Responsabilité pénale des personnes morales
La loi du 10 juillet 2000 est source de discrimination entre les personnes physiques et
les personnes morales du point de vue de leur responsabilité pénale. La première application
de ce texte est posée par un arrêt de la chambre criminelle de la Cour de cassation en date du
24 octobre 2000 se prononçant quant aux conditions engageant la responsabilité des
personnes morales dans le cadre des délits non intentionnels.
En l’espèce, dans une usine à l’occasion d’une réparation, un contremaître responsable
de l’entretien avait décidé, sans en référer à sa hiérarchie, d’ordonner à un ouvrier d’utiliser
une échelle pour effectuer la réparation plutôt qu’une nacelle élévatrice prévue à cet effet.
Lors de cette opération, l’ouvrier ainsi perché et tenant une masse fut déséquilibré et
grièvement blessé lors de sa chute.
Dès lors à la suite de cet accident de travail, le contremaître, le responsable du service
d’entretien, le directeur d’usine et la société ont été poursuivis devant le tribunal correctionnel
pour blessures involontaires.
Si tous les prévenus ont été relaxés par le tribunal de première instance, la Cour
d’appel de Lyon en date du 7 décembre 1999, soit sous l’empire de la loi de 1996, confirme le
jugement concernant uniquement le responsable du service entretien ainsi que le directeur de
l’usine ayant estimé qu’ils n’avait commis aucune faute délibérée ou caractérisée « au sens de
l’article 121-3, alinéa 4, du Code pénal dans sa rédaction issue de la loi du 10 juillet 2000,
immédiatement applicable » vue que le contremaître a pris seul l’initiative de l’intervention à
l’origine des blessures de la victime sans en référer à ses supérieurs. Cependant, elle rend un
jugement infirmatif quant au contremaître qui est reconnu coupable du délit de blessures
involontaires. En effet, la Cour d’appel établit la faute de négligence qui a consisté à avoir
recours à une méthode dangereuse pour réparer une avarie non urgente et alors qu’il était
possible de recourir à la nacelle élévatrice dont disposait l’entreprise. Enfin, quant à la
personne morale, les juges du fond concluent également son irresponsabilité, ils considèrent
qu’aucune infraction n’a été commise par un organe ou représentant puisque le seul acteur de
l’infraction était un contremaître ne bénéficiant pas d’une délégation de pouvoirs.
Un pourvoi en cassation est alors formé avec pour but de remettre en cause la relaxe
de la personne morale avec entre temps l’intervention de la loi du 10 juillet 2000 plus
favorable et par conséquent applicable aux infractions non encore définitivement jugées.

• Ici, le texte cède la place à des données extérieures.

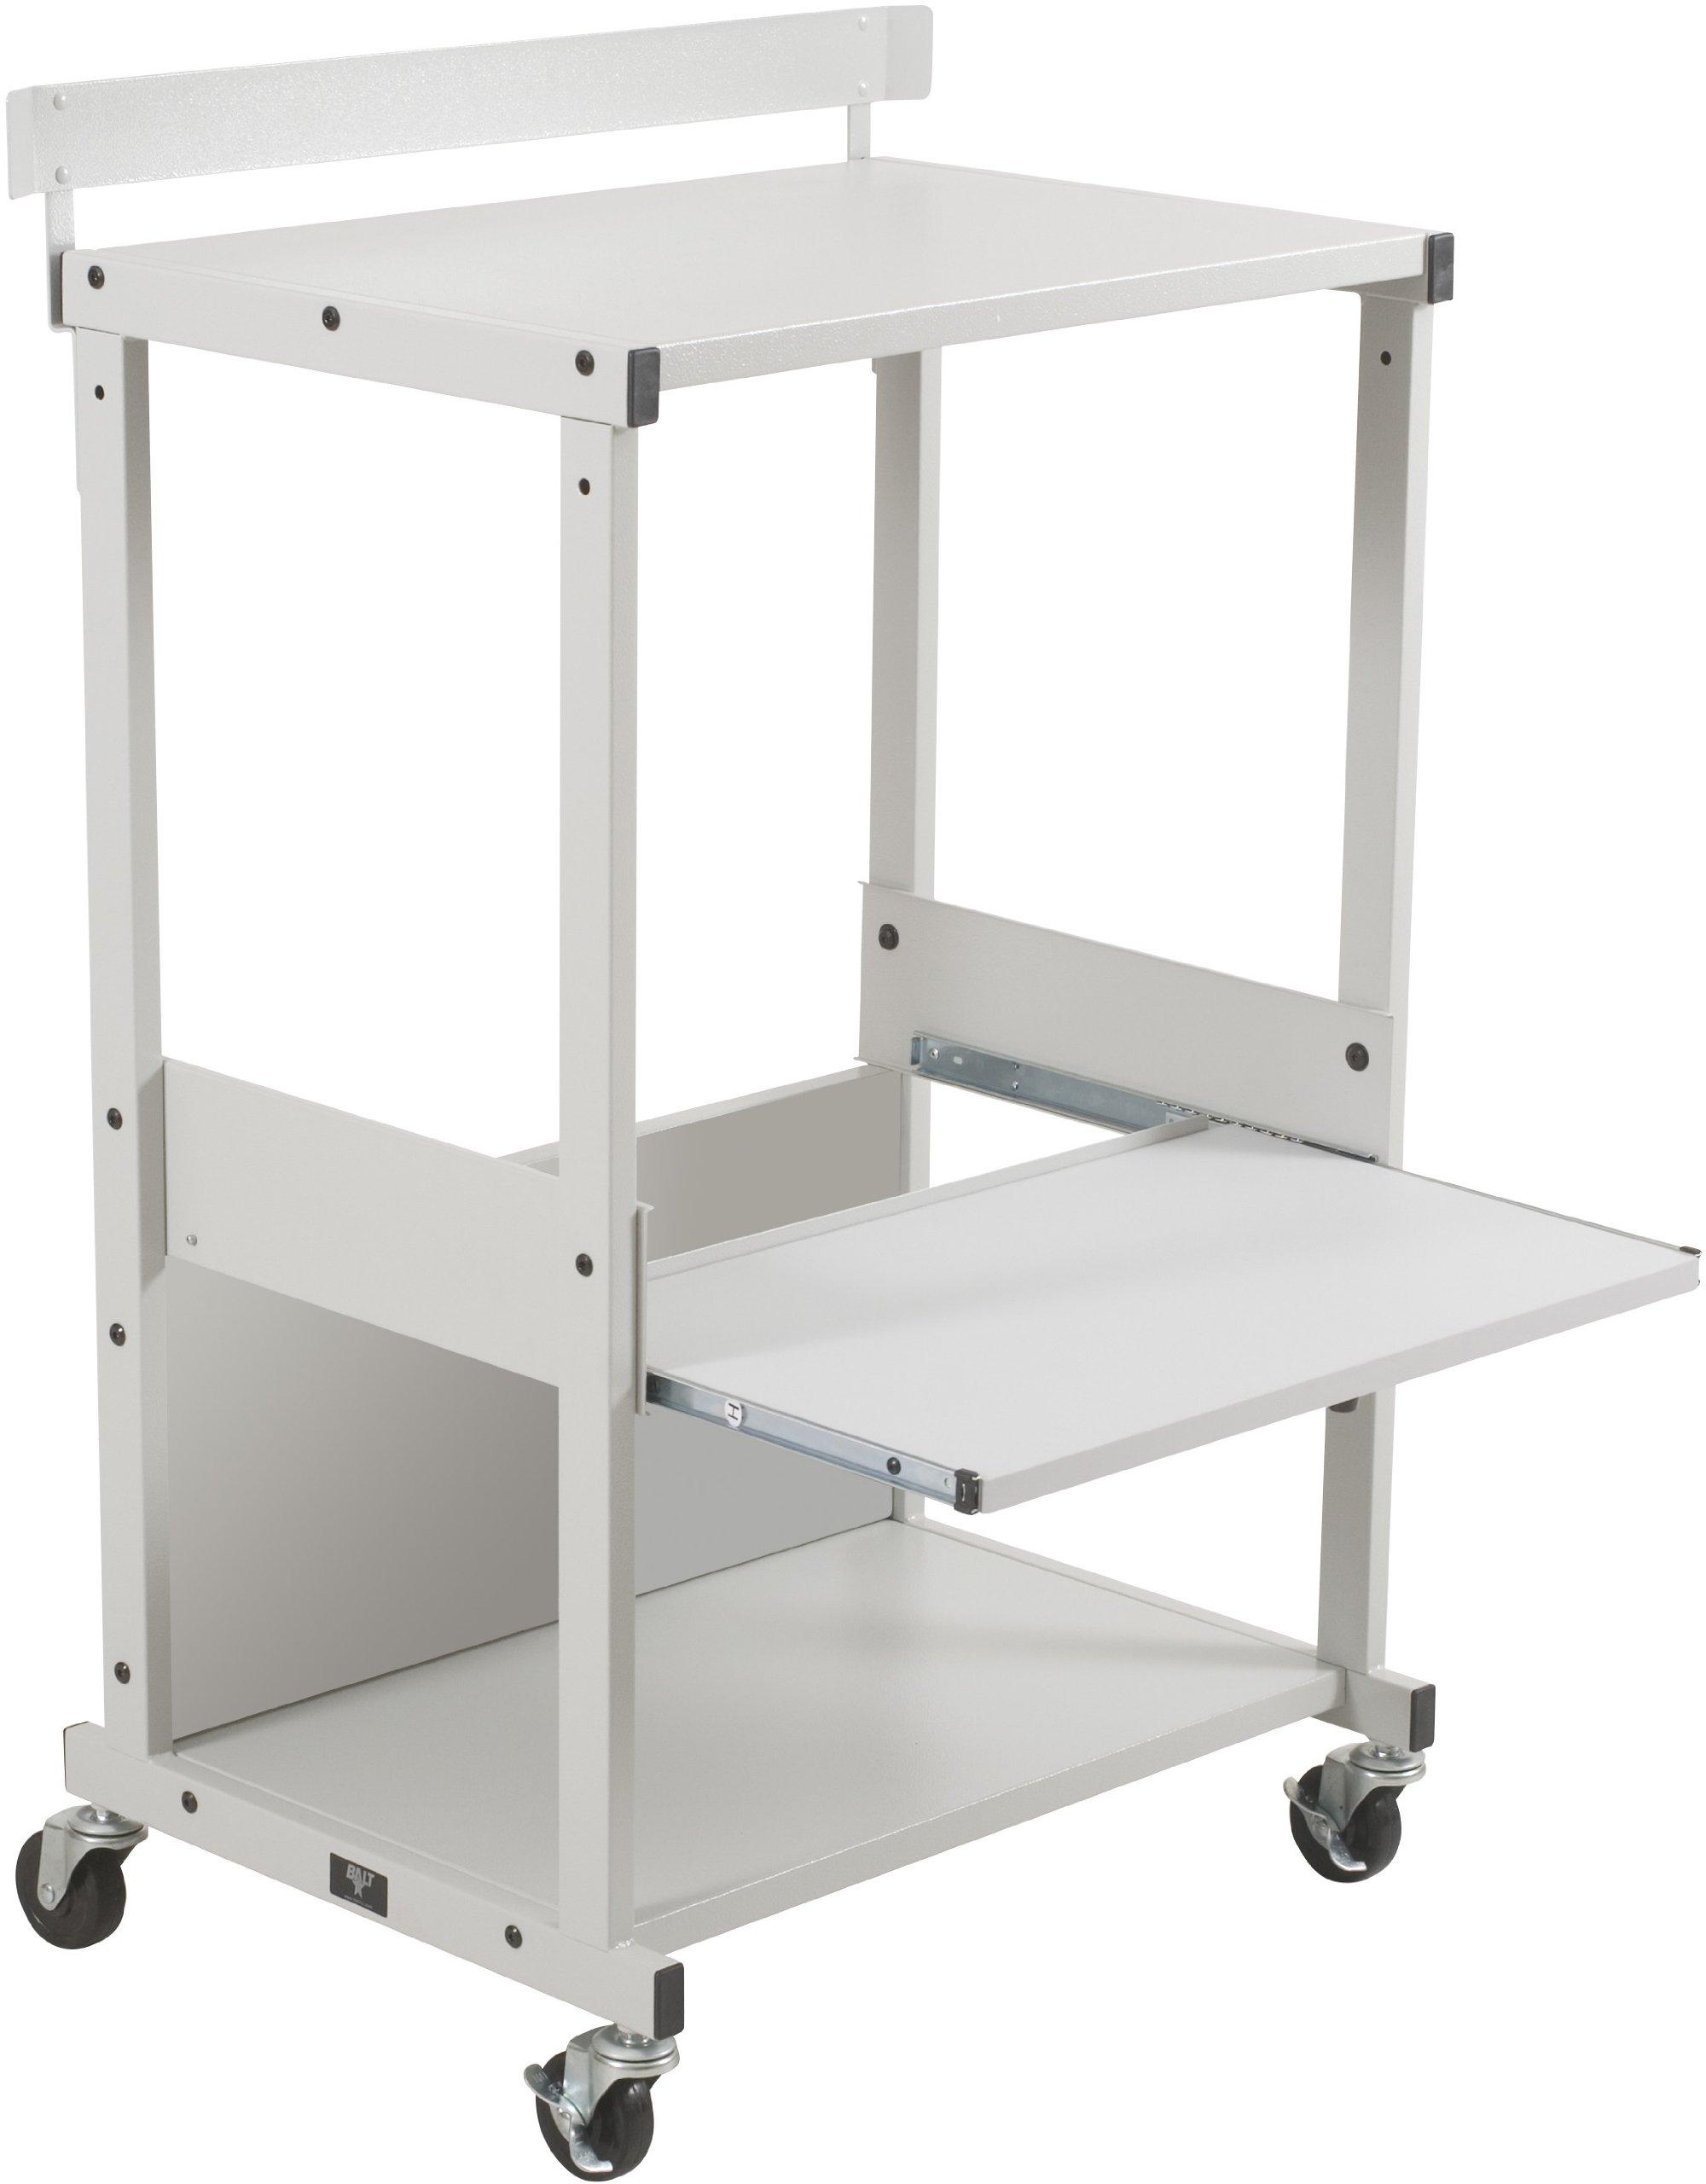 Balt Max Stax Stand Up Workstation Or Dual Printer/Fax Machine Stand, Gray Podwer Coat Finish, 42.5'' H x 25.13'' W x 20'' D (25983) by Balt

Les juges de cassation ont du alors se poser la question de savoir si une faute
d’imprudence applicable à une personne physique n’ayant pas la qualité d’agent ou de
représentant de l’entreprise, l’est également à la société personne morale ?
Le 24 octobre 2000, la chambre criminelle de la Cour de cassation casse partiellement
l’arrêt rendu par la Cour d’appel selon les articles 121-2 et 121-3 du nouveau Code pénal.